L’eau potable peut-elle cohabiter avec un projet industriel de méthanisation à quelques centaines de mètres d’un captage stratégique ? À Andrest, près de 120 personnes sont venues chercher des réponses lors d’une réunion publique qui a placé la protection de la ressource en eau au cœur des débats.

La salle était particulièrement attentive lors de la réunion publique organisée par l’ADRISE à Andrest autour du projet de méthaniseur METHAVERT 65, envisagé à Oursbelille. Près de 120 personnes ont participé à cette rencontre d’information consacrée à un dossier qui suscite de nombreuses interrogations sur le territoire, notamment en raison de la proximité du futur site avec le captage d’eau potable d’Oursbelille.

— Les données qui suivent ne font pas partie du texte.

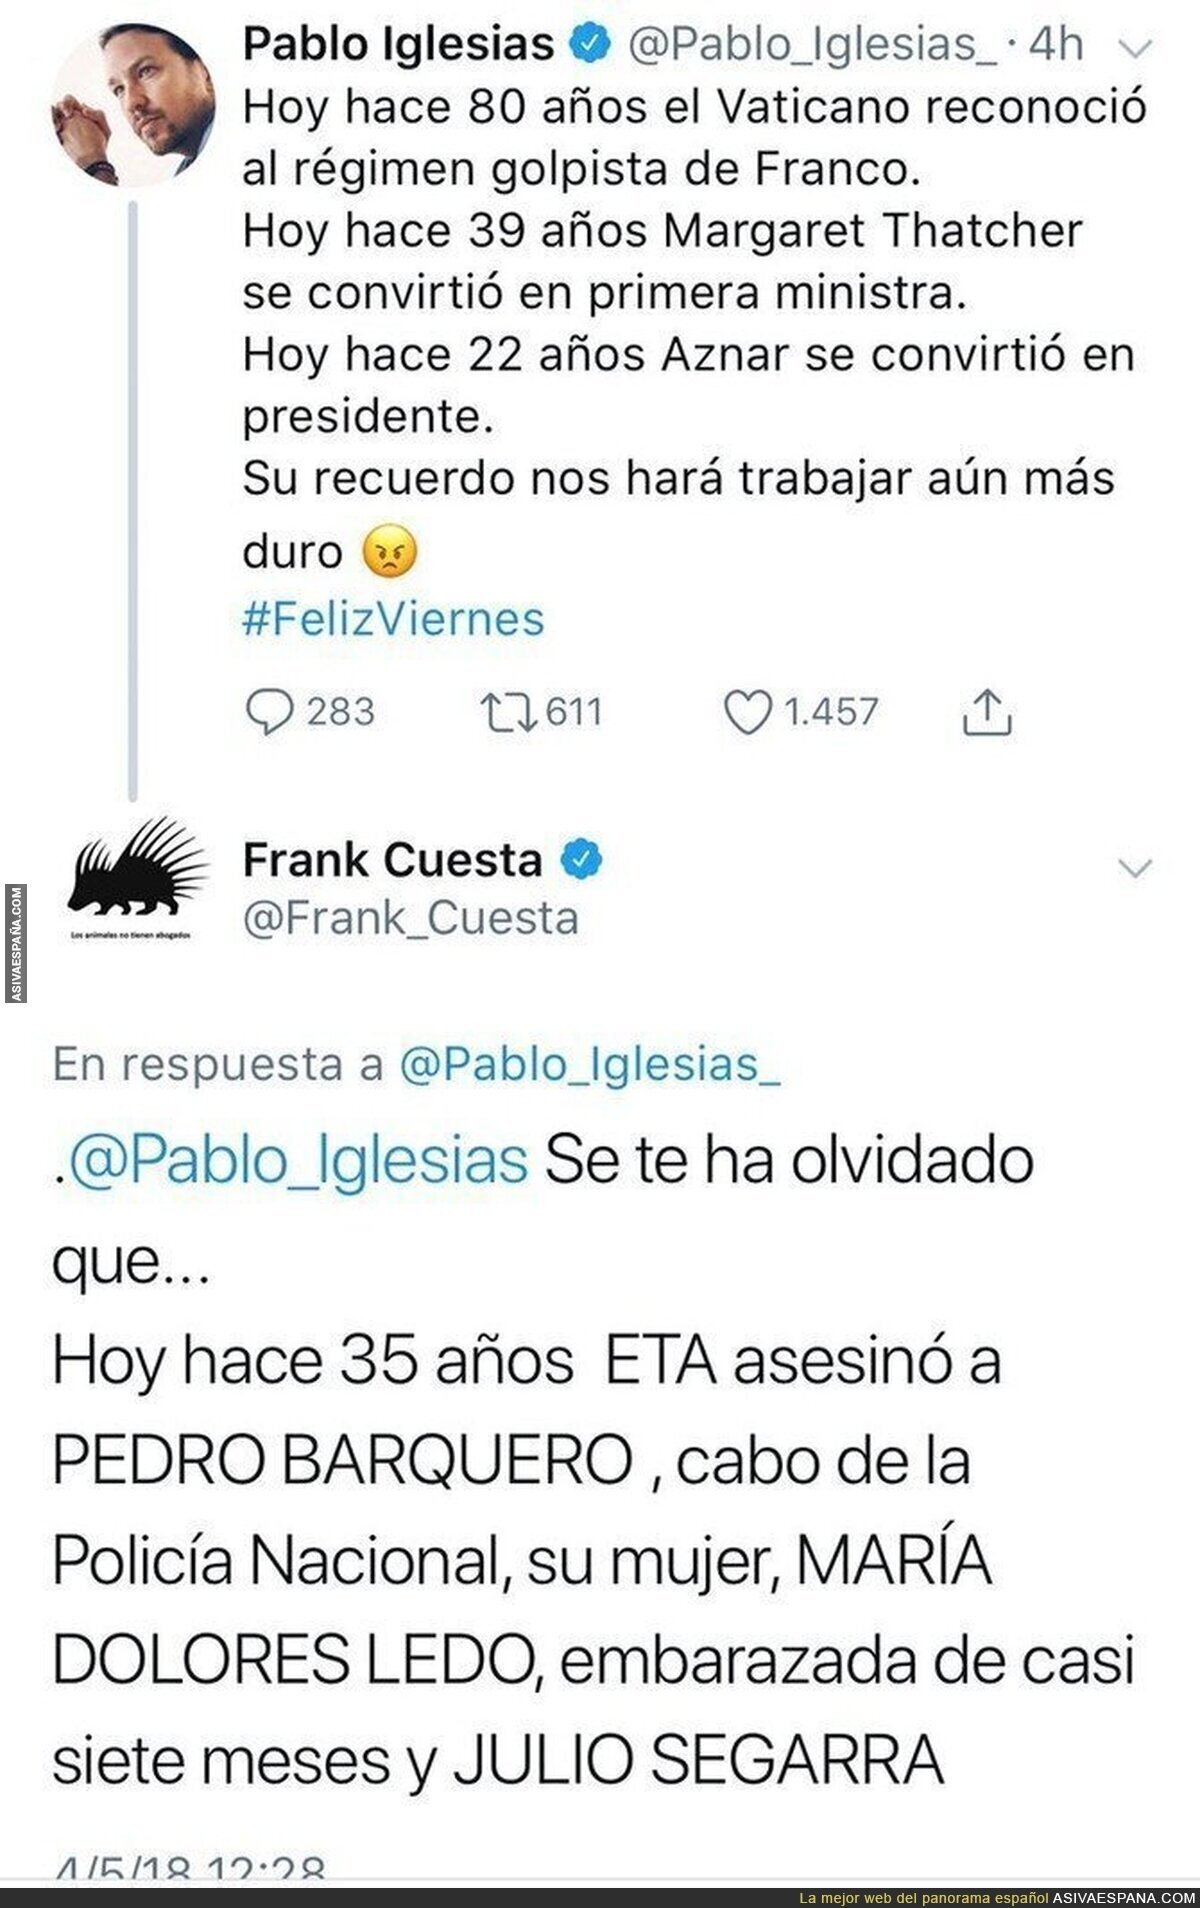 Pablo Iglesias recuerda varios acontecimientos mundiales y Frank Cuesta le recuerda algo que muchos están aplaudiendo

Parmi les participants figuraient de nombreux habitants, mais aussi plusieurs maires et élus des communes concernées par cette ressource en eau, qui alimente environ 12 000 habitants répartis sur 26 communes. 

Un débat centré sur la protection de la ressource en eau

Dès l’ouverture de la réunion, l’ADRISE a tenu à préciser sa position. L’association a rappelé qu’elle n’était opposée ni à la méthanisation en tant que technologie, ni au monde agricole, ni au développement des énergies renouvelables. Selon ses représentants, la question centrale porte sur la compatibilité de l’implantation du projet avec la préservation à long terme d’un captage d’eau potable considéré comme particulièrement sensible. L’association a ainsi mis en avant plusieurs éléments qu’elle estime déterminants dans l’analyse du dossier : la proximité du projet avec le captage, la vulnérabilité hydrogéologique du secteur, certaines incertitudes relevées dans les documents disponibles, l’application du principe de précaution, ainsi que la nécessité de privilégier l’évitement lorsque des ressources stratégiques en eau potable sont concernées. L’ADRISE a également attiré l’attention sur les effets cumulés potentiels du projet dans un territoire déjà soumis à différentes pressions environnementales.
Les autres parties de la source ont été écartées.